■ Exercise
Leave out the images and return all the data word for word.

■ Data provided
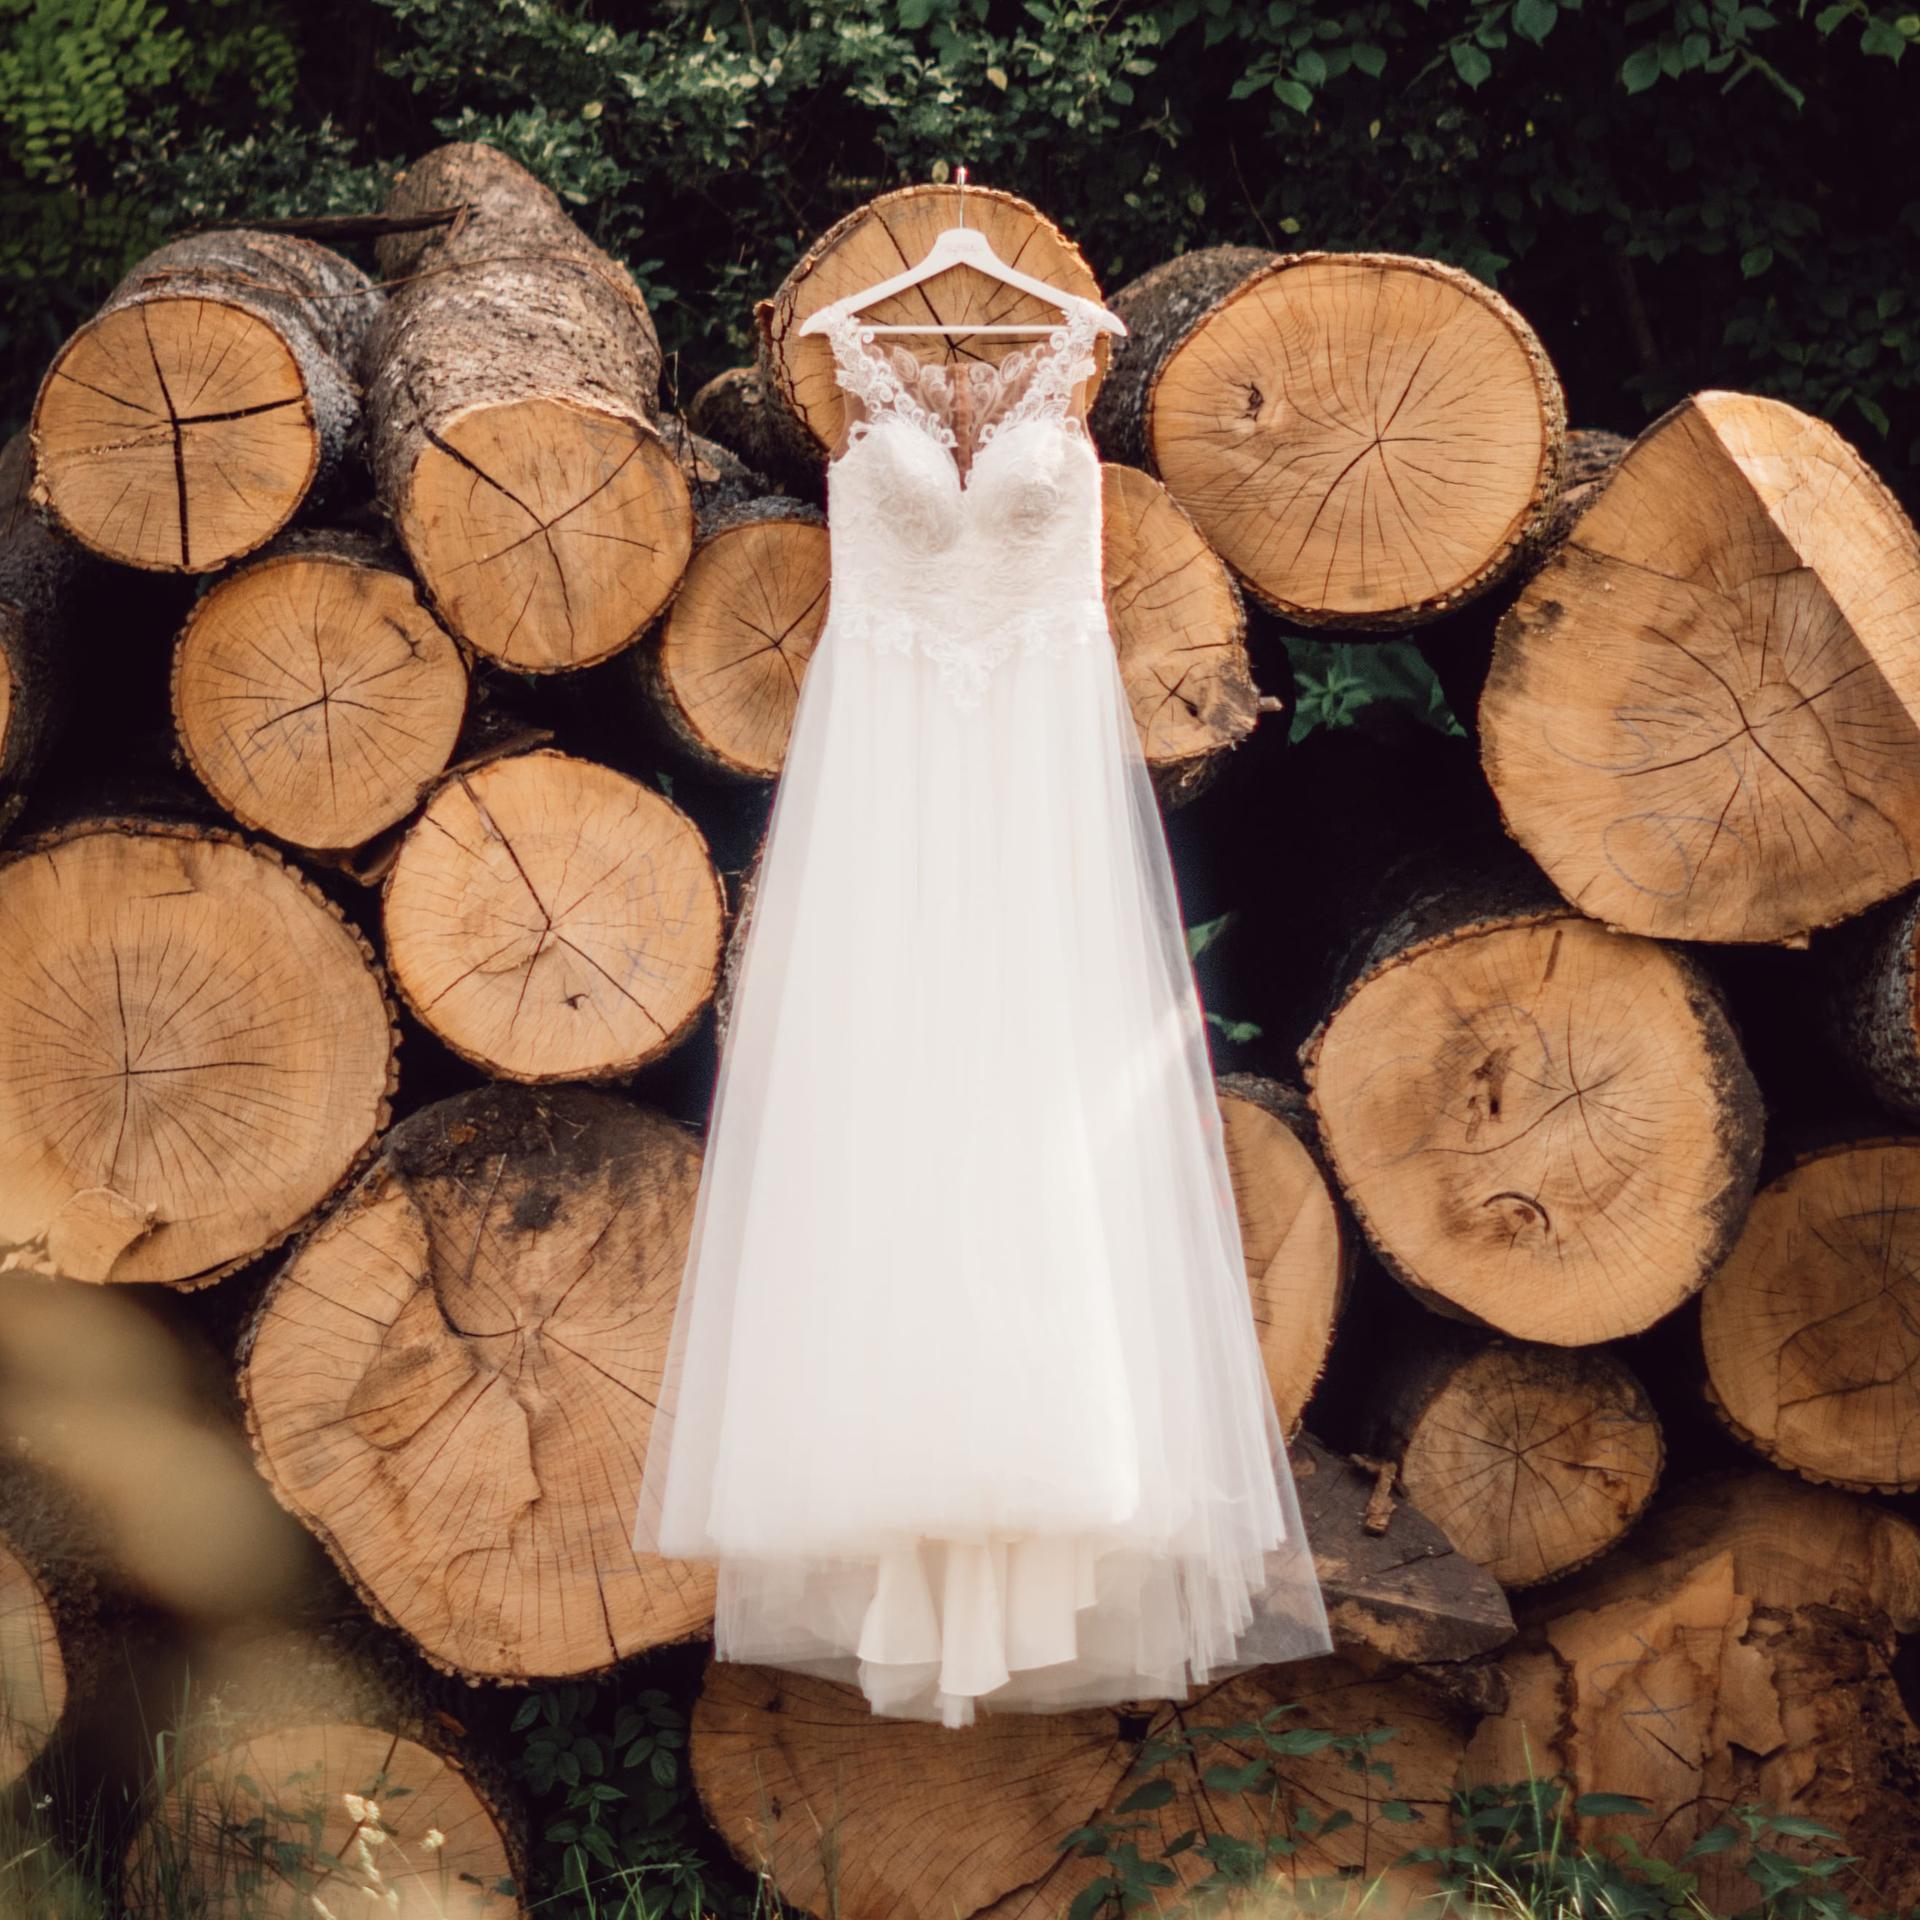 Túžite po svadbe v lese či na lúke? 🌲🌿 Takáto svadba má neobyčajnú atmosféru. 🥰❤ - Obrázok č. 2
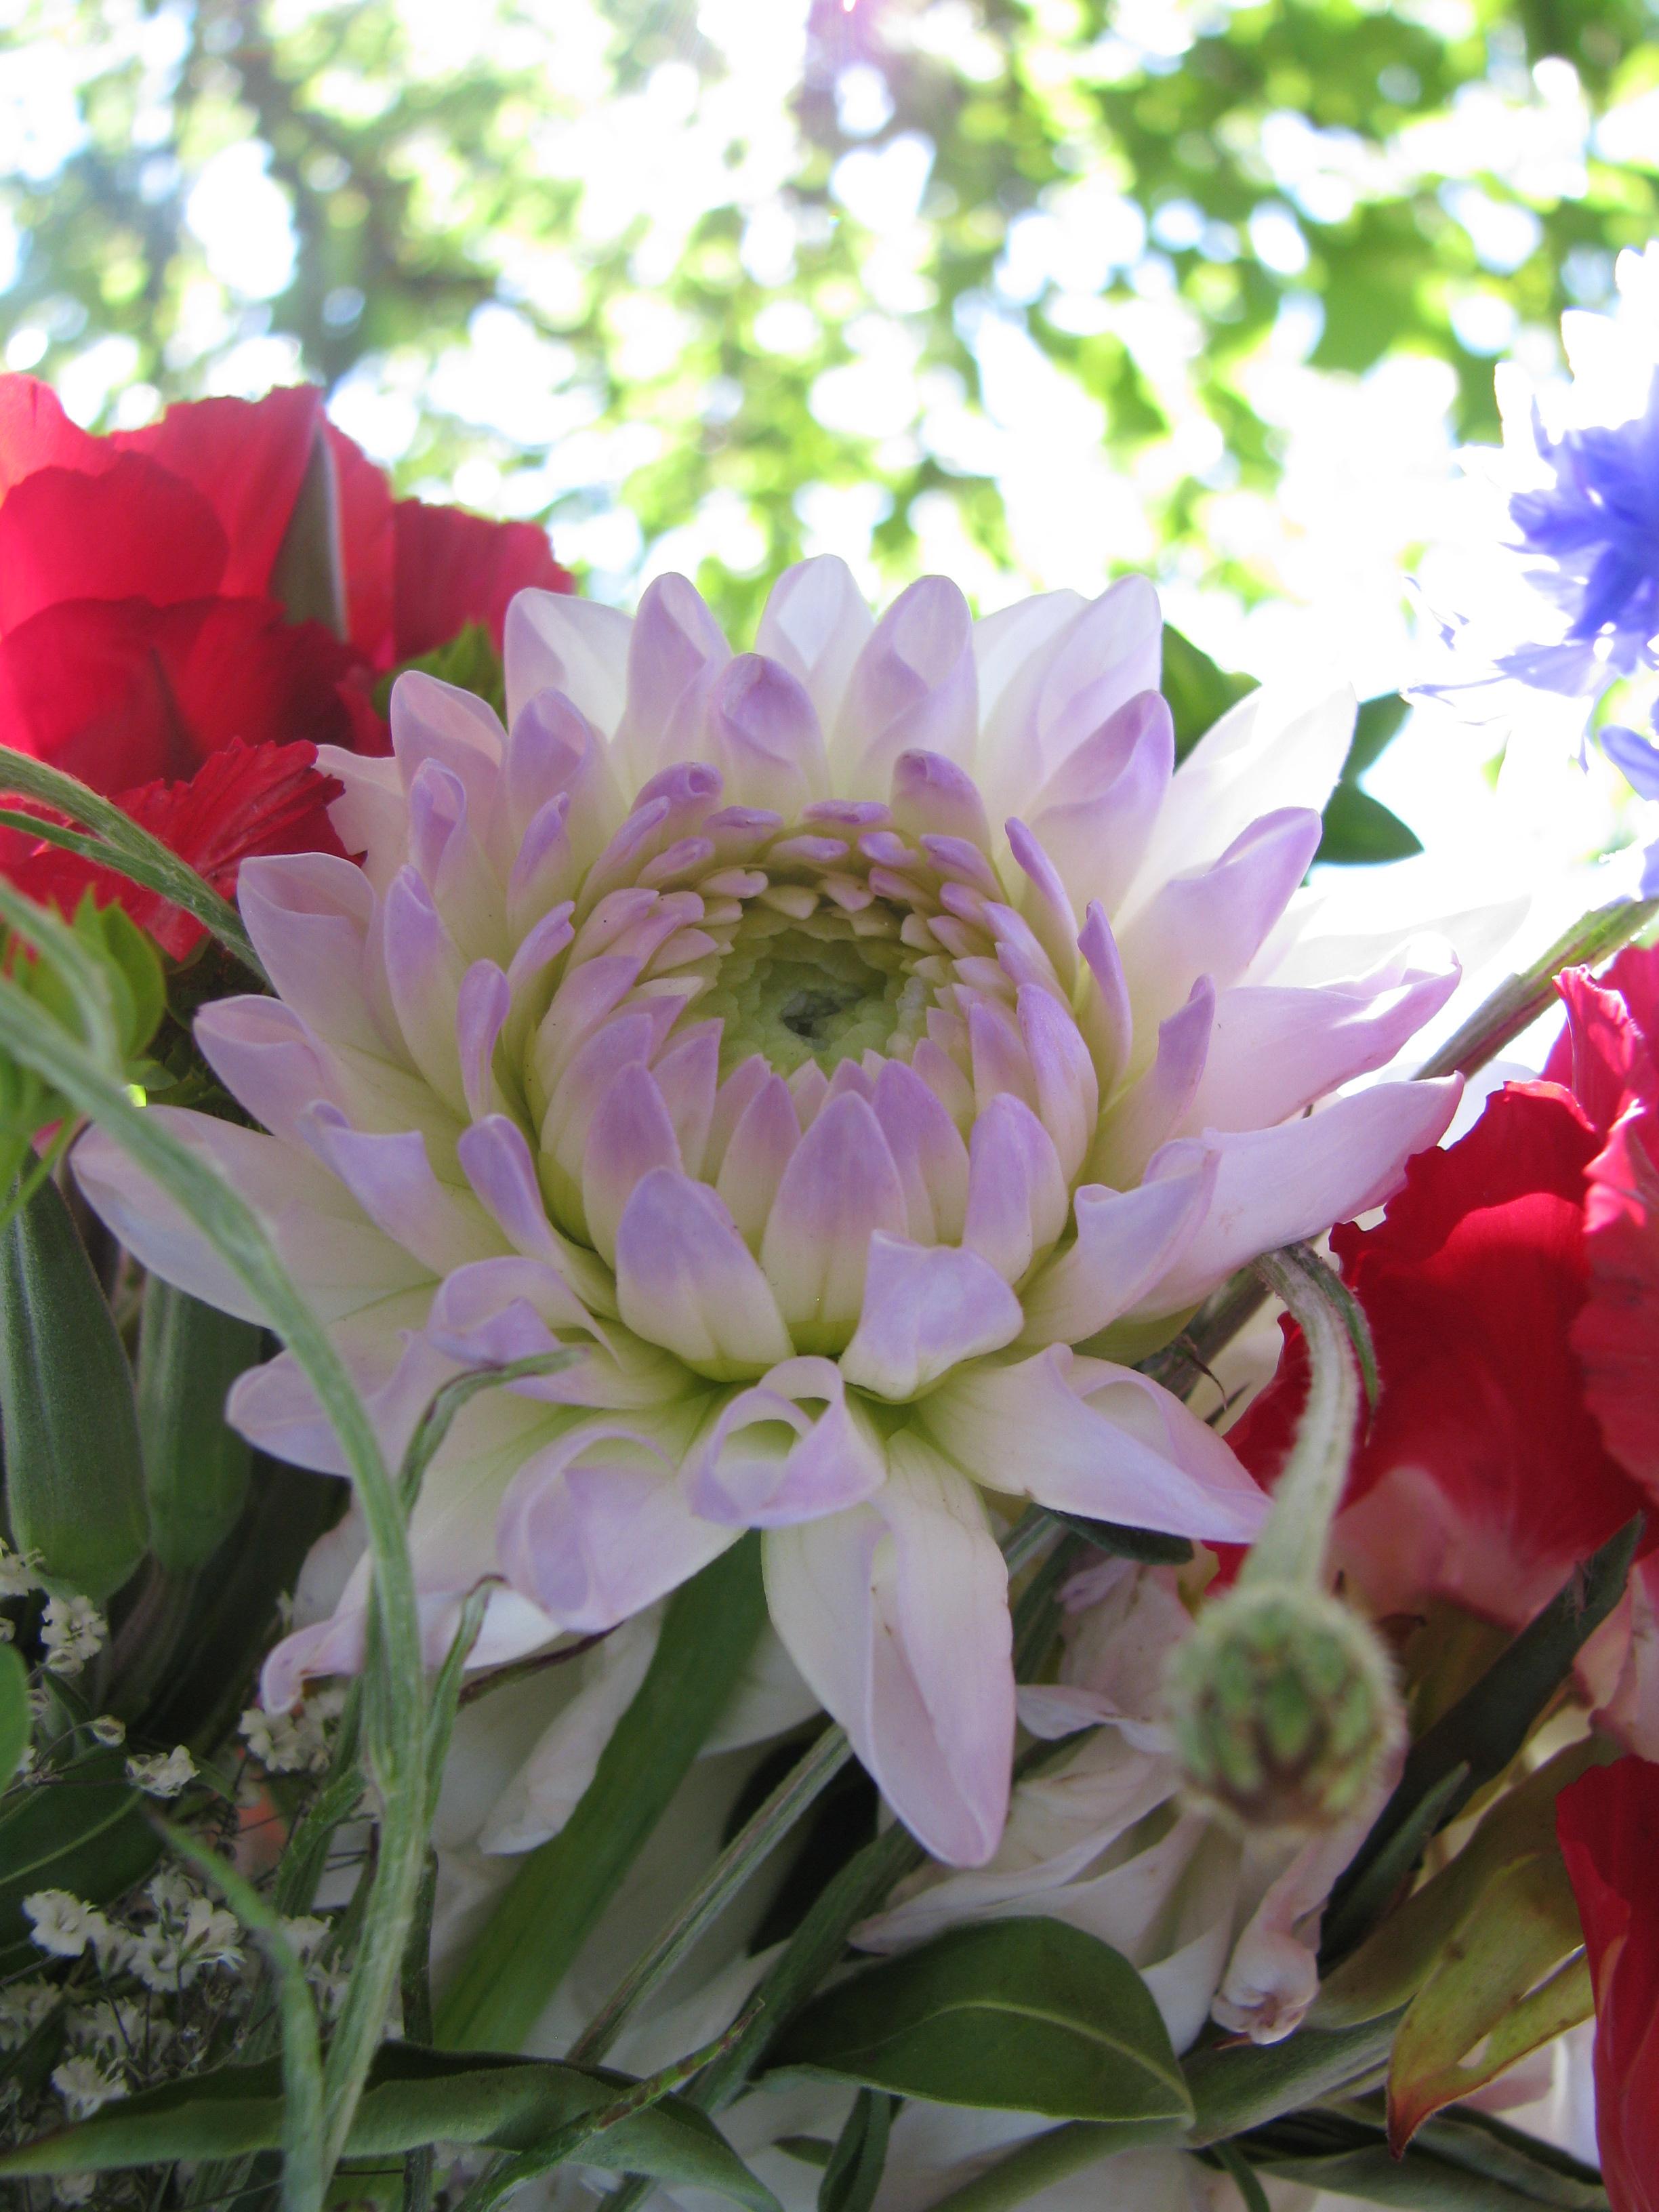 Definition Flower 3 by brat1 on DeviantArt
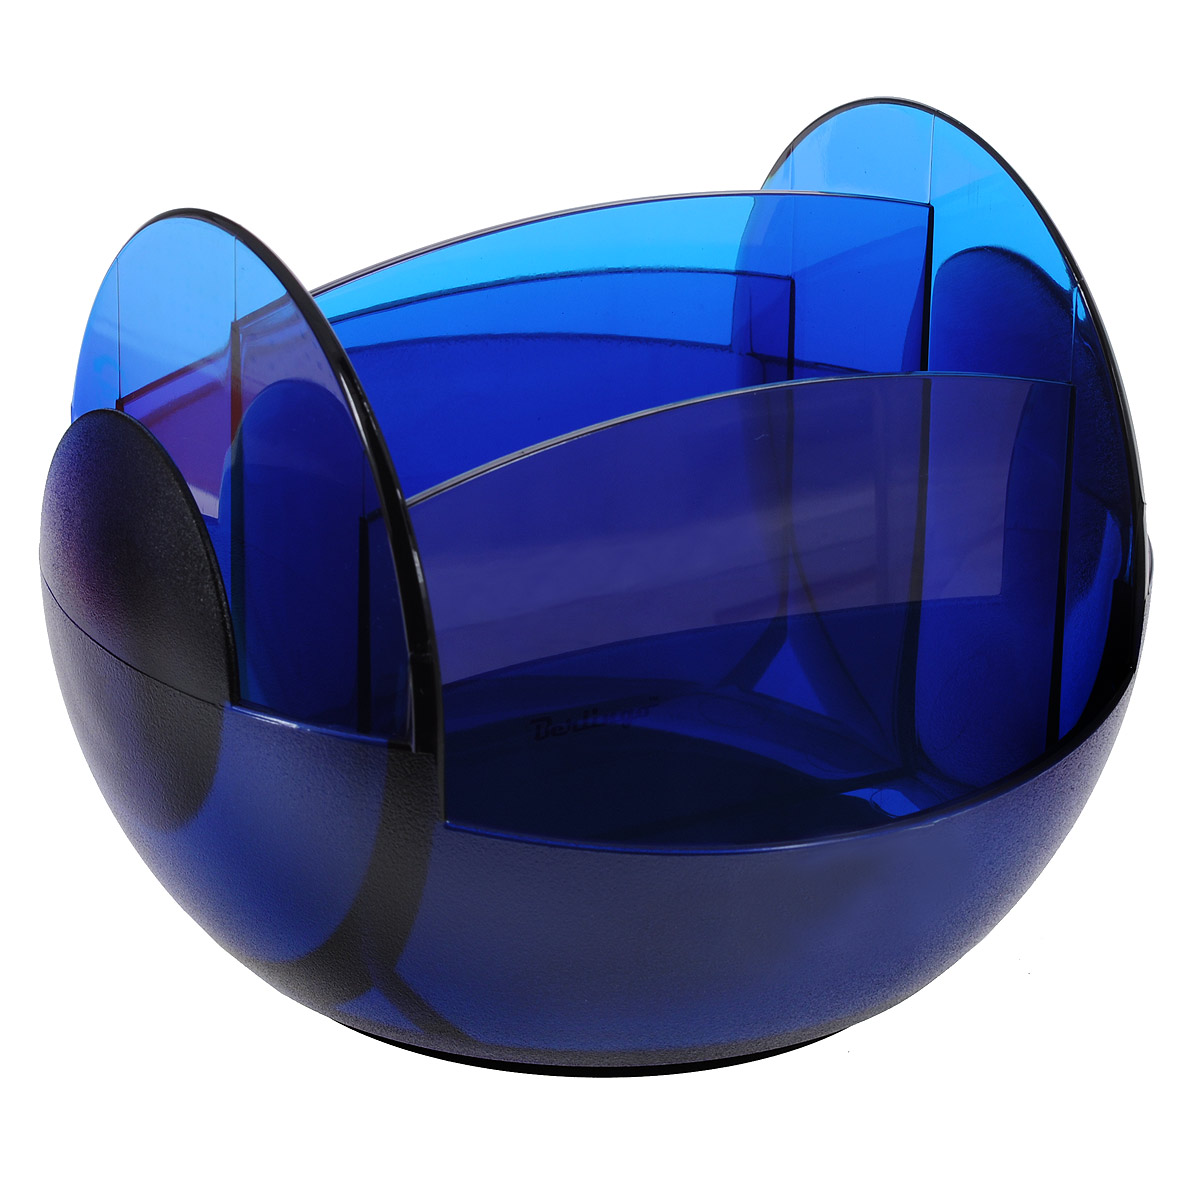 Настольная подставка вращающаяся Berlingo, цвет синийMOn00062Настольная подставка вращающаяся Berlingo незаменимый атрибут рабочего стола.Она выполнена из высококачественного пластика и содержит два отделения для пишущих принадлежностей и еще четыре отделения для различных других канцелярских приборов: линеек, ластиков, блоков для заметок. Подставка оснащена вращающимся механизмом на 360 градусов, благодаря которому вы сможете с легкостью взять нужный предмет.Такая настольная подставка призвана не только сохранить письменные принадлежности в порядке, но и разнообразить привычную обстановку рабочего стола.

■ Exercise answer
 Túžite po svadbe v lese či na lúke? 🌲🌿 Takáto svadba má neobyčajnú atmosféru. 🥰❤ - Obrázok č. 2
 Definition Flower 3 by brat1 on DeviantArt
 Настольная подставка вращающаяся Berlingo, цвет синийMOn00062Настольная подставка вращающаяся Berlingo незаменимый атрибут рабочего стола.Она выполнена из высококачественного пластика и содержит два отделения для пишущих принадлежностей и еще четыре отделения для различных других канцелярских приборов: линеек, ластиков, блоков для заметок. Подставка оснащена вращающимся механизмом на 360 градусов, благодаря которому вы сможете с легкостью взять нужный предмет.Такая настольная подставка призвана не только сохранить письменные принадлежности в порядке, но и разнообразить привычную обстановку рабочего стола.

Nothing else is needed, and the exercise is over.